__Data__
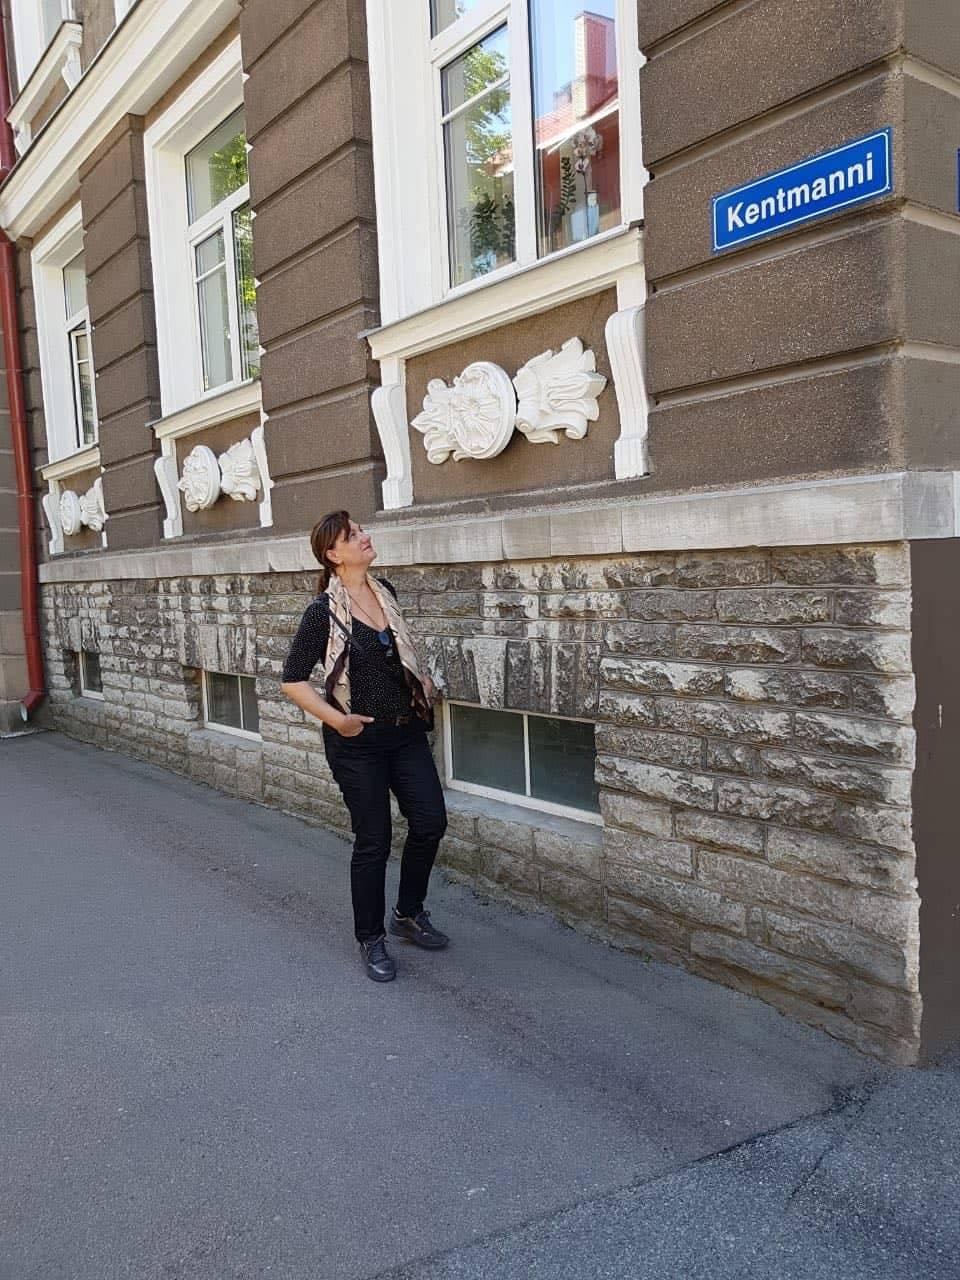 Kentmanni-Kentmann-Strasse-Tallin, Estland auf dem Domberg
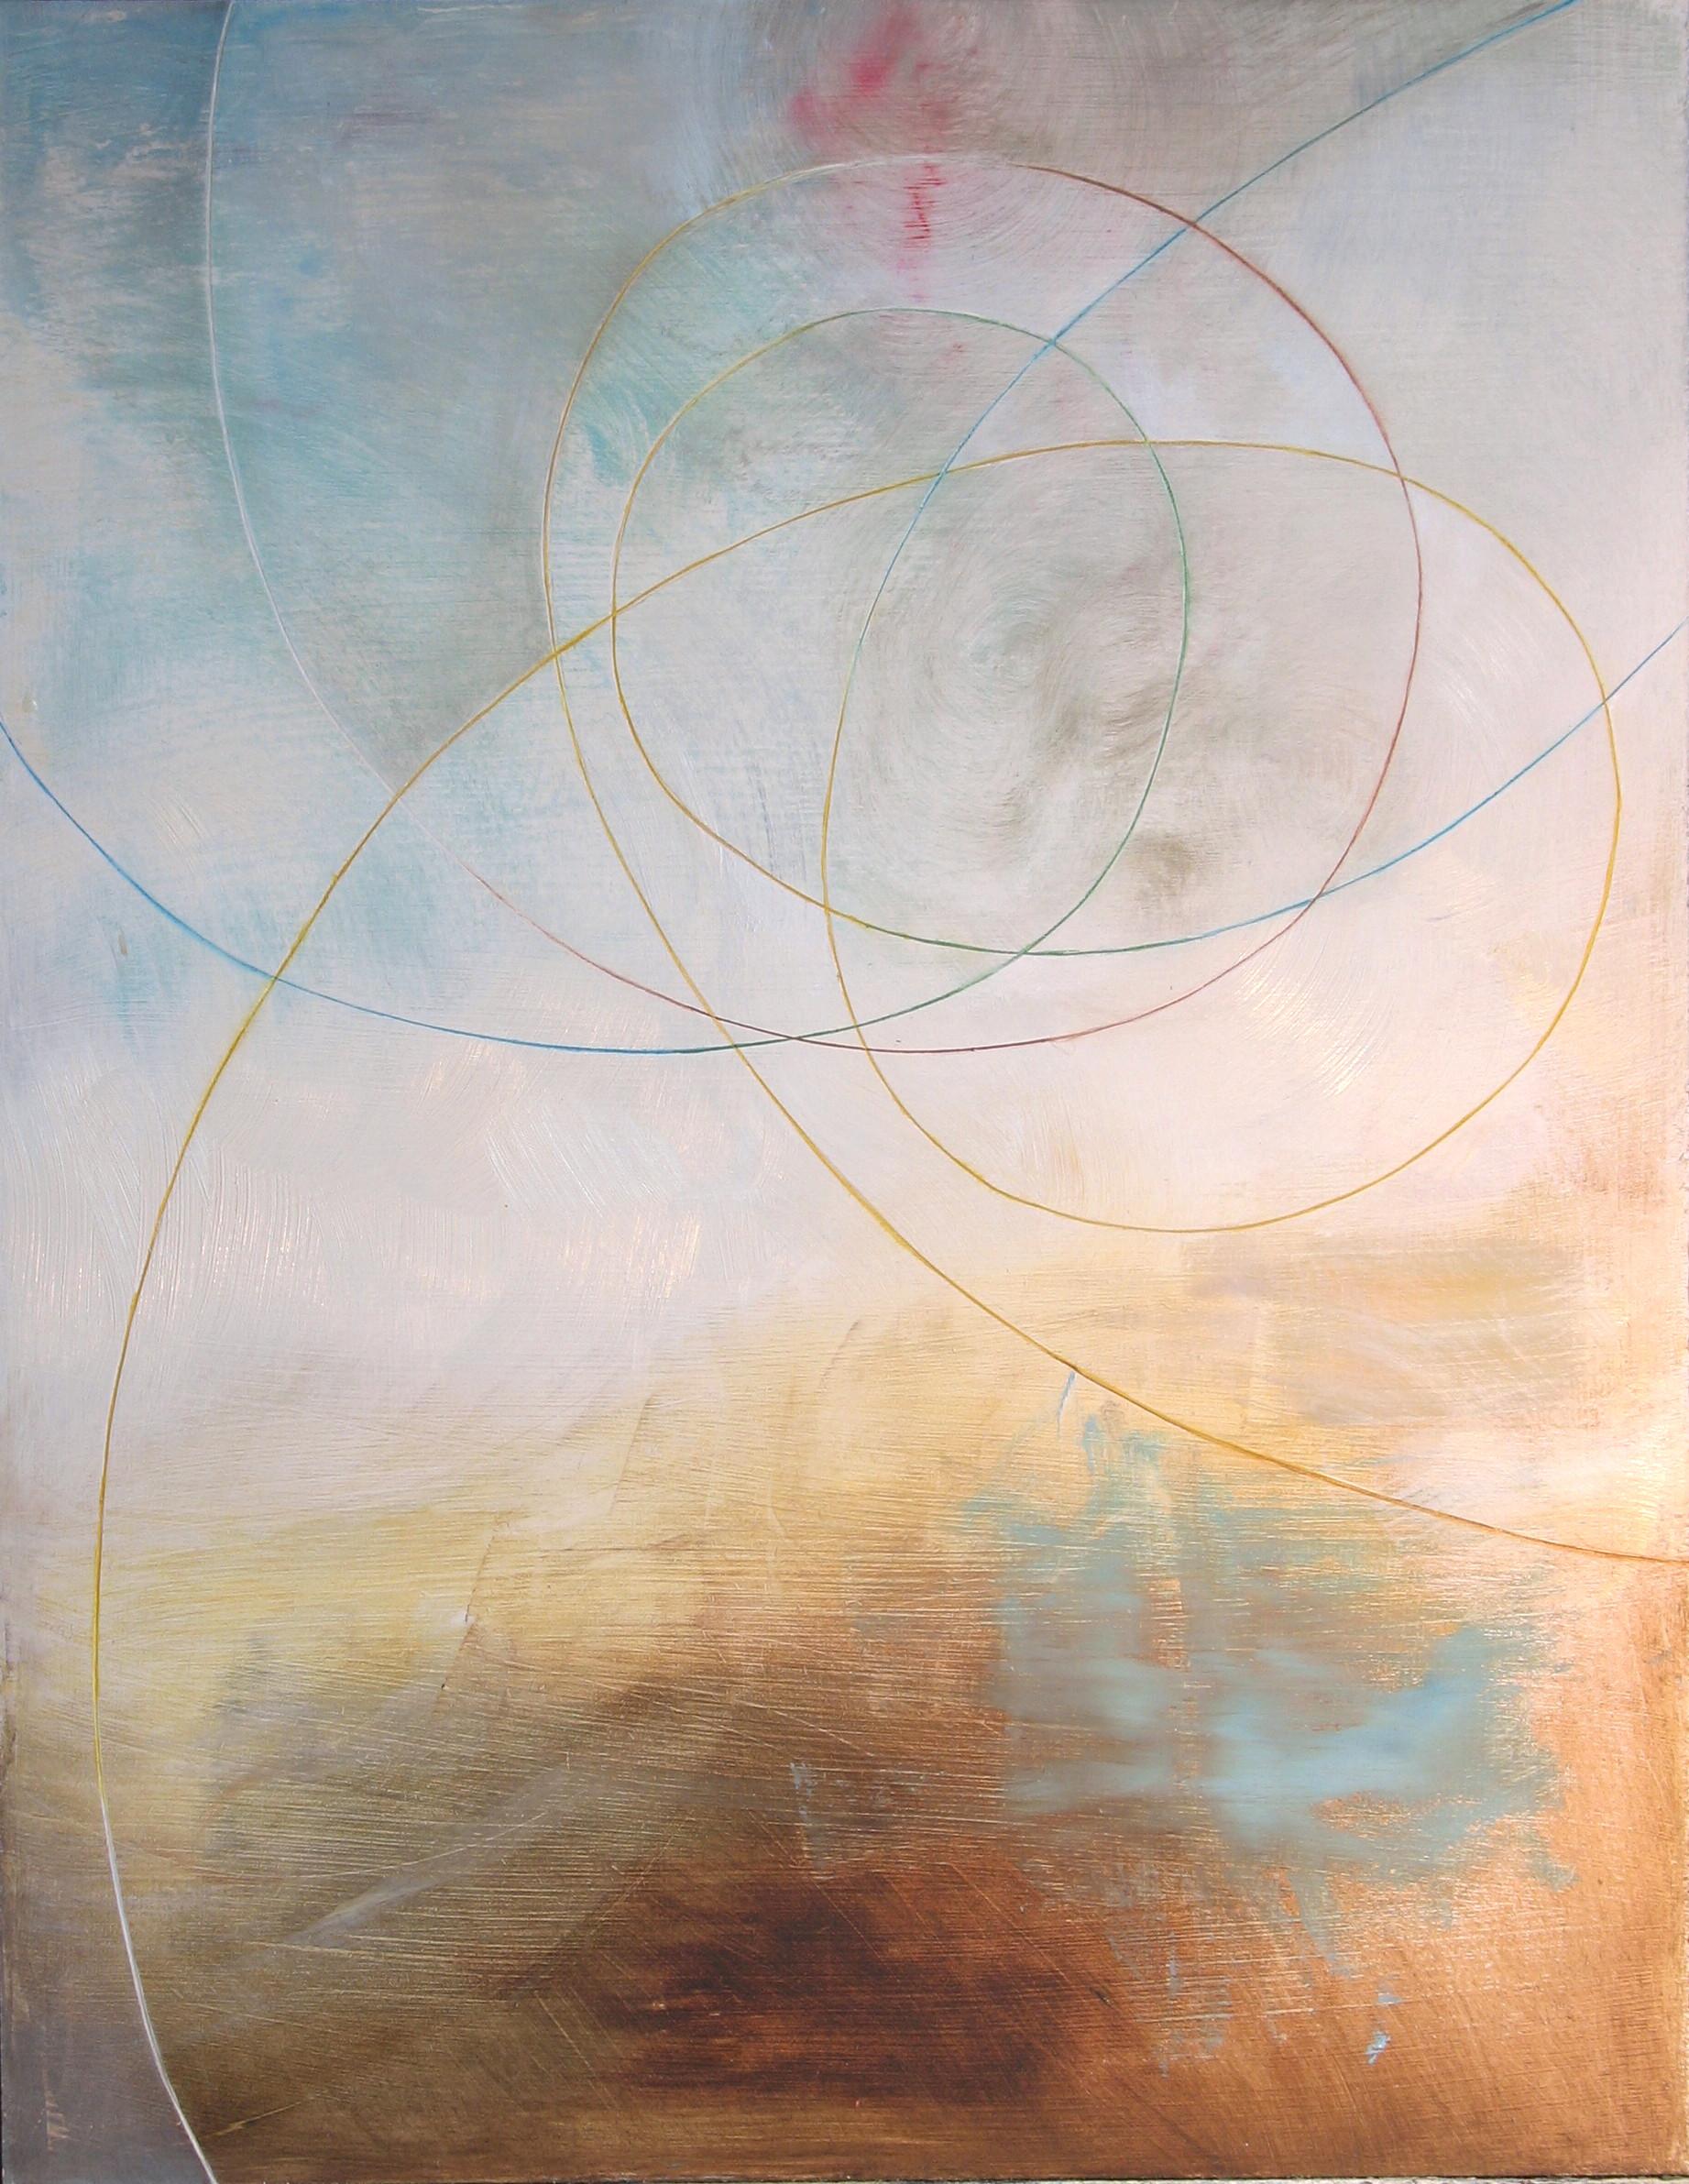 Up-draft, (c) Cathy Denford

---

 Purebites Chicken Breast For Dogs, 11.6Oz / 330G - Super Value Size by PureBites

==

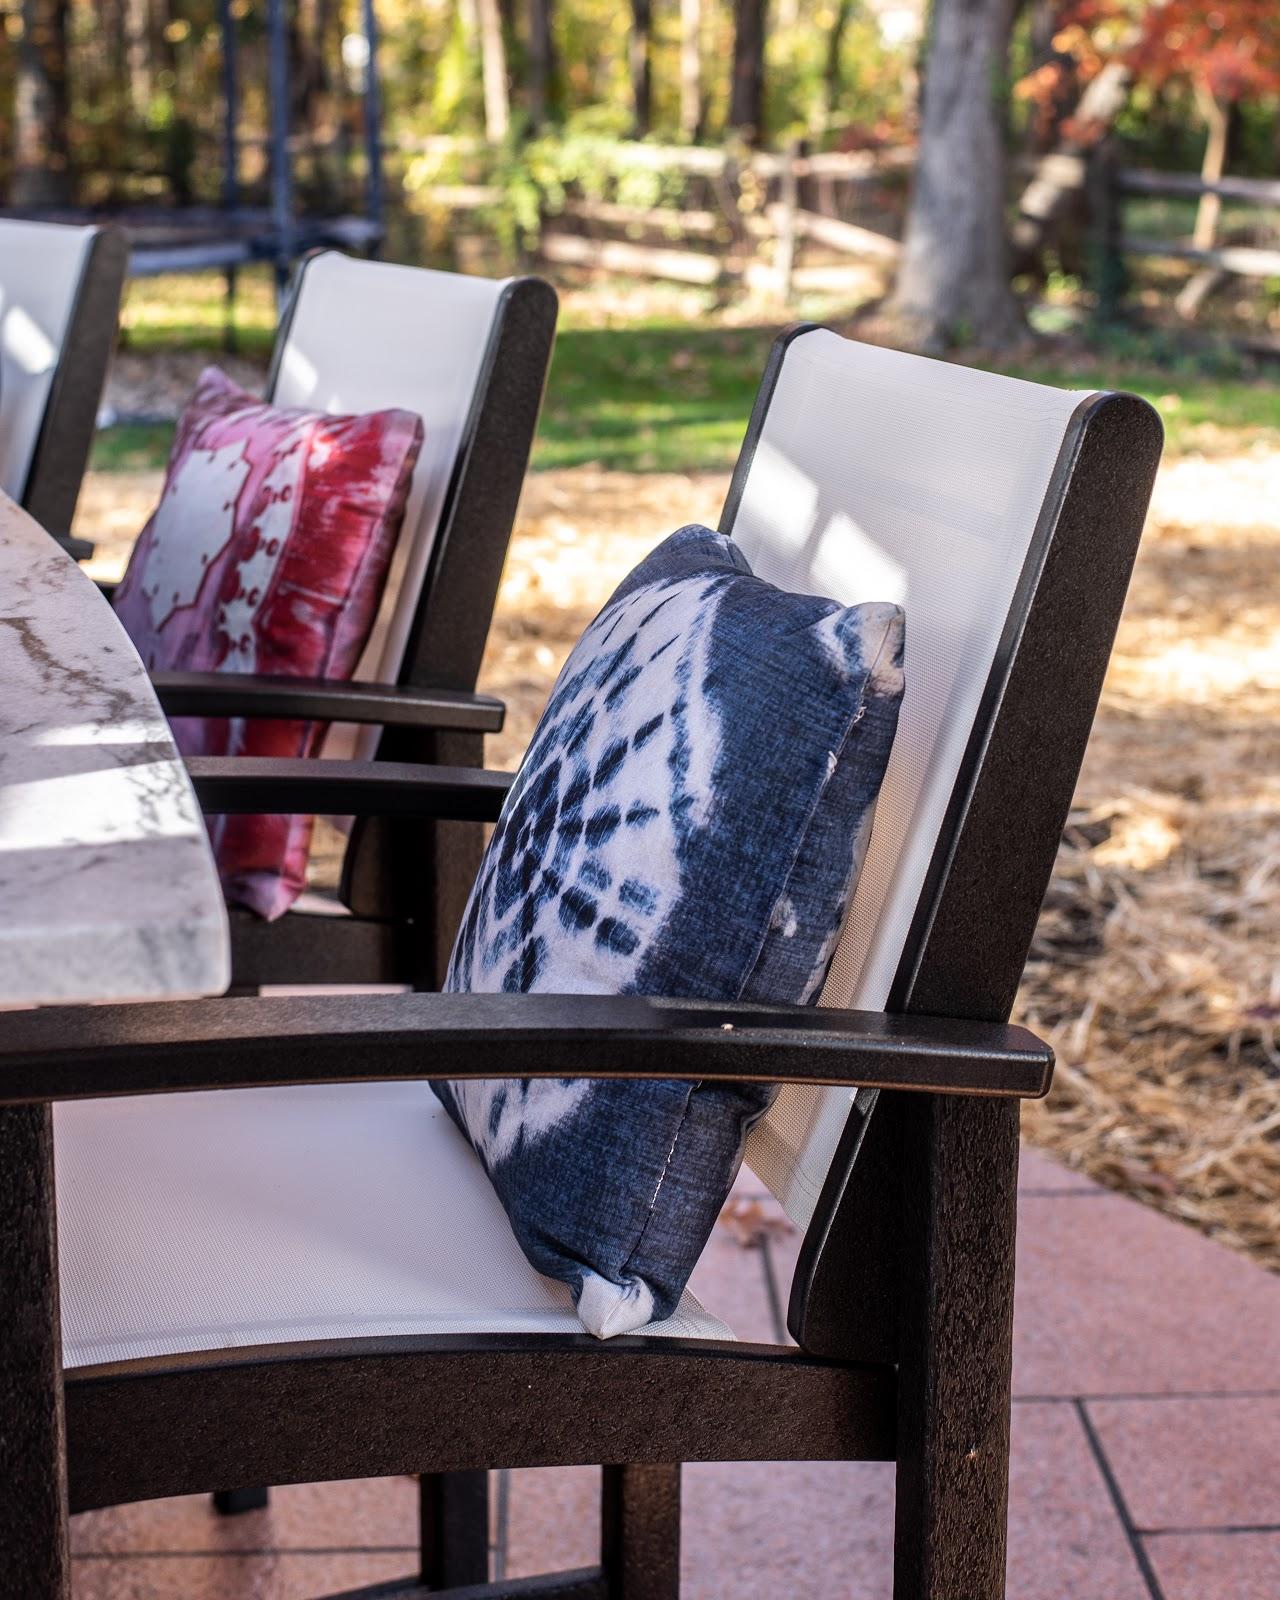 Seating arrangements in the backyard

__Activity__
Would you output the lines above from the line holding "Kentmanni-Kentmann-Strasse-Tallin, Estland auf" up to and including the line holding "Up-draft, (c) Cathy Denford", exactly and only those, with no pictures?

__Exercise solution__
 Kentmanni-Kentmann-Strasse-Tallin, Estland auf dem Domberg
 Up-draft, (c) Cathy Denford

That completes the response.